When the source degradation is due to the presence of a speech disorder, effects of the combined degradations inherent to signal production and external degradations such as noise have been observed. McColl et al. (1998) evaluated listeners' subjective impressions of tracheoesophageal speech—a surgical-prosthetic method of speaking after a patient has undergone a total laryngectomy and tracheoesophageal puncture—relative to healthy control speech in noisy conditions. The study involved presenting listeners with both types of speech at nine SNRs that varied widely (from +65 dB SNR, or effectively quiet, to −15 dB SNR). It was found that listeners rated transesophageal speech more negatively than control speech in all conditions except the most negative SNRs of −10 and −15 dB, where the ratings converged. The effect of noise on the intelligibility of dysphonic speech—a speech signal characterized by auditory perceptual features of disordered voicing including roughness, breathiness, and strain—has also been examined. Ishikawa et al. (2017) presented listeners with speech samples from speakers with typical speech and speakers with dysphonia, in quiet conditions and at two SNRs (+5 and 0 dB). As expected, the dysphonic speech was significantly less intelligible than the typical speech, and there was a significant effect of SNR. Similarly, Lee et al. (2011) showed that spastic dysarthria is affected by background noise, with less favorable SNRs being more disruptive than more favorable SNRs. Last, the effect of noise on the intelligibility of hypokinetic dysarthric speech has also been examined (Dykstra et al., 2012). In this study, the presence of background noise had a greater impact on intelligibility of the disordered speech as compared to the control speech, suggesting that there may have been a multiplicative effect when source and environmental degradations concurrently occur.

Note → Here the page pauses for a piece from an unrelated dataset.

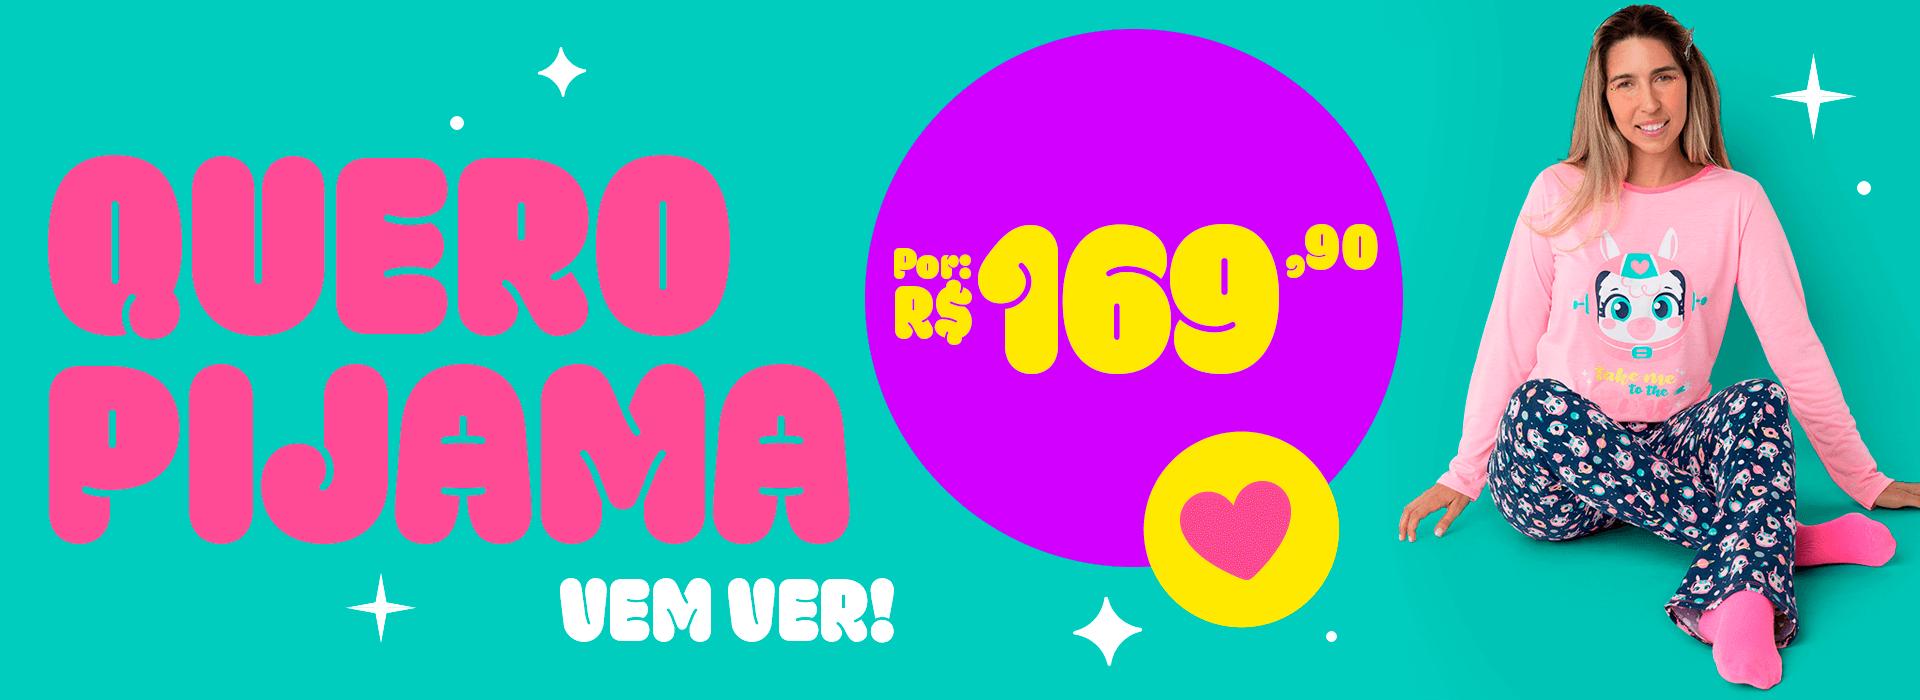 Banner C: Quero Pijama! Por 169,90
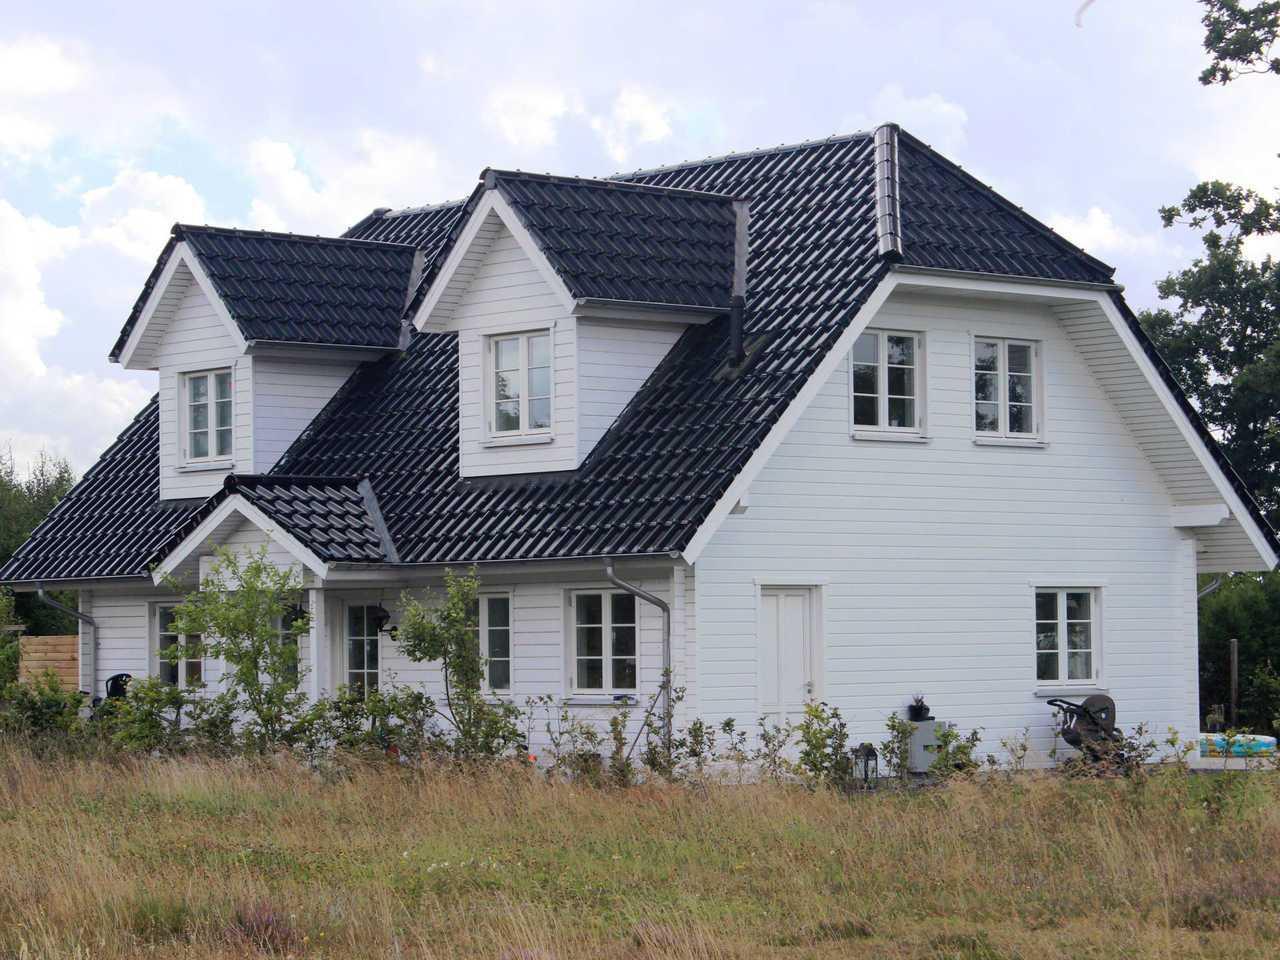 Helsingör Holzhaus Fjorborg Häuser Ansicht 3

Regardless of the previously discussed findings, the specific nature of combined environmental and source degradation effects on intelligibility remain largely unclear. Despite an assumption that there is a multiplicative effect of these two types of degradations (e.g., Dykstra et al., 2012), the existing literature is limited and does not entirely support this speculation. The majority of studies in this area appear to simply show a shift in intelligibility for source-degraded speech in noise which parallels the shift in intelligibility for the source-degraded speech in quiet conditions. Unfortunately, these results are often obscured by the presence of ceiling or floor effects in the data (e.g., Munro, 1998; Ishikawa et al., 2017; Dykstra et al., 2012).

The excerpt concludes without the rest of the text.